# [Instructions for the task]
Every record shown below should be duplicated exactly.

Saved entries

++++++++++++++++++++

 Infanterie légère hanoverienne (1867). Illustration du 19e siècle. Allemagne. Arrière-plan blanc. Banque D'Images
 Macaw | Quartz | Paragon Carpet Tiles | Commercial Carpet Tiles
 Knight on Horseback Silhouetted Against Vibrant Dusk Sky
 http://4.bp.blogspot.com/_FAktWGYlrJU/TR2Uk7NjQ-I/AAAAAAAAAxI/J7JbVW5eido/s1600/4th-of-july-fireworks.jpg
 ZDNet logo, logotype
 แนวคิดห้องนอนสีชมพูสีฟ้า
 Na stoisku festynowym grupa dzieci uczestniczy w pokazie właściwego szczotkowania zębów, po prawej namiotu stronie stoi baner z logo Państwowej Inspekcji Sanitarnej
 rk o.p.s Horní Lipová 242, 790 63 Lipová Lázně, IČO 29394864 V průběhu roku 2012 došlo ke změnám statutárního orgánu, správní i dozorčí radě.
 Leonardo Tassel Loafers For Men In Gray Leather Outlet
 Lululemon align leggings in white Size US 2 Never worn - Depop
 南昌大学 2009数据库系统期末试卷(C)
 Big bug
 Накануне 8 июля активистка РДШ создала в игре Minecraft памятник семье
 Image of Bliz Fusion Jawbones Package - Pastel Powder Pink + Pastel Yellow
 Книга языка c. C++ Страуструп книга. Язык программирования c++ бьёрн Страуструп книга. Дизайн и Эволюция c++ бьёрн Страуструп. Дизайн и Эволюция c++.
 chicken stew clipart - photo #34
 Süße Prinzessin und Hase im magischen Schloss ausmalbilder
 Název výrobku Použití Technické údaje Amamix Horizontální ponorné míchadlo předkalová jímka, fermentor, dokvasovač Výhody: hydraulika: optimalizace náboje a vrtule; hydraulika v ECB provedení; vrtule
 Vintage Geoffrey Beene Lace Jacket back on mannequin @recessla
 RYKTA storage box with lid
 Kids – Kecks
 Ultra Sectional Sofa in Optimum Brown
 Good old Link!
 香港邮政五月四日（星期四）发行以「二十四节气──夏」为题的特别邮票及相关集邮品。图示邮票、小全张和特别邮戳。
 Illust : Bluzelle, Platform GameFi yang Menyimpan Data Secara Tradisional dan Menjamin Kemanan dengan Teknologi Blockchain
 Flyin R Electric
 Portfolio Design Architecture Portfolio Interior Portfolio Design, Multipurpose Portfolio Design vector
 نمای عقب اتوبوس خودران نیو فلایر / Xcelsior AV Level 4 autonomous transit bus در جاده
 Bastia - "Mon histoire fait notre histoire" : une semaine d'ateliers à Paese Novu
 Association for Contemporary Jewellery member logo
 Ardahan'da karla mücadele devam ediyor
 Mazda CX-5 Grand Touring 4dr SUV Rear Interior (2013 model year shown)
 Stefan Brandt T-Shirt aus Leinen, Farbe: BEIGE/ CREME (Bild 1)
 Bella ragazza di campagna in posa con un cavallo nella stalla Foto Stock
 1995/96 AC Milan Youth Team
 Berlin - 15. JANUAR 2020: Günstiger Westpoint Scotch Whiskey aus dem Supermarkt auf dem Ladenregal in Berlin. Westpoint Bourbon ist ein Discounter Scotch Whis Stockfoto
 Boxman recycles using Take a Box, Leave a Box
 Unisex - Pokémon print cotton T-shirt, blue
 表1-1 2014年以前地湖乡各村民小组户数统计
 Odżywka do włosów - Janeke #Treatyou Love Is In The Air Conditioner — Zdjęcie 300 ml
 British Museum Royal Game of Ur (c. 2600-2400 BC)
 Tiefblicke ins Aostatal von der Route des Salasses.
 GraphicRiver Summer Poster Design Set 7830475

++++++++++++++++++++

# [The answer]
 Infanterie légère hanoverienne (1867). Illustration du 19e siècle. Allemagne. Arrière-plan blanc. Banque D'Images
 Macaw | Quartz | Paragon Carpet Tiles | Commercial Carpet Tiles
 Knight on Horseback Silhouetted Against Vibrant Dusk Sky
 http://4.bp.blogspot.com/_FAktWGYlrJU/TR2Uk7NjQ-I/AAAAAAAAAxI/J7JbVW5eido/s1600/4th-of-july-fireworks.jpg
 ZDNet logo, logotype
 แนวคิดห้องนอนสีชมพูสีฟ้า
 Na stoisku festynowym grupa dzieci uczestniczy w pokazie właściwego szczotkowania zębów, po prawej namiotu stronie stoi baner z logo Państwowej Inspekcji Sanitarnej
 rk o.p.s Horní Lipová 242, 790 63 Lipová Lázně, IČO 29394864 V průběhu roku 2012 došlo ke změnám statutárního orgánu, správní i dozorčí radě.
 Leonardo Tassel Loafers For Men In Gray Leather Outlet
 Lululemon align leggings in white Size US 2 Never worn - Depop
 南昌大学 2009数据库系统期末试卷(C)
 Big bug
 Накануне 8 июля активистка РДШ создала в игре Minecraft памятник семье
 Image of Bliz Fusion Jawbones Package - Pastel Powder Pink + Pastel Yellow
 Книга языка c. C++ Страуструп книга. Язык программирования c++ бьёрн Страуструп книга. Дизайн и Эволюция c++ бьёрн Страуструп. Дизайн и Эволюция c++.
 chicken stew clipart - photo #34
 Süße Prinzessin und Hase im magischen Schloss ausmalbilder
 Název výrobku Použití Technické údaje Amamix Horizontální ponorné míchadlo předkalová jímka, fermentor, dokvasovač Výhody: hydraulika: optimalizace náboje a vrtule; hydraulika v ECB provedení; vrtule
 Vintage Geoffrey Beene Lace Jacket back on mannequin @recessla
 RYKTA storage box with lid
 Kids – Kecks
 Ultra Sectional Sofa in Optimum Brown
 Good old Link!
 香港邮政五月四日（星期四）发行以「二十四节气──夏」为题的特别邮票及相关集邮品。图示邮票、小全张和特别邮戳。
 Illust : Bluzelle, Platform GameFi yang Menyimpan Data Secara Tradisional dan Menjamin Kemanan dengan Teknologi Blockchain
 Flyin R Electric
 Portfolio Design Architecture Portfolio Interior Portfolio Design, Multipurpose Portfolio Design vector
 نمای عقب اتوبوس خودران نیو فلایر / Xcelsior AV Level 4 autonomous transit bus در جاده
 Bastia - "Mon histoire fait notre histoire" : une semaine d'ateliers à Paese Novu
 Association for Contemporary Jewellery member logo
 Ardahan'da karla mücadele devam ediyor
 Mazda CX-5 Grand Touring 4dr SUV Rear Interior (2013 model year shown)
 Stefan Brandt T-Shirt aus Leinen, Farbe: BEIGE/ CREME (Bild 1)
 Bella ragazza di campagna in posa con un cavallo nella stalla Foto Stock
 1995/96 AC Milan Youth Team
 Berlin - 15. JANUAR 2020: Günstiger Westpoint Scotch Whiskey aus dem Supermarkt auf dem Ladenregal in Berlin. Westpoint Bourbon ist ein Discounter Scotch Whis Stockfoto
 Boxman recycles using Take a Box, Leave a Box
 Unisex - Pokémon print cotton T-shirt, blue
 表1-1 2014年以前地湖乡各村民小组户数统计
 Odżywka do włosów - Janeke #Treatyou Love Is In The Air Conditioner — Zdjęcie 300 ml
 British Museum Royal Game of Ur (c. 2600-2400 BC)
 Tiefblicke ins Aostatal von der Route des Salasses.
 GraphicRiver Summer Poster Design Set 7830475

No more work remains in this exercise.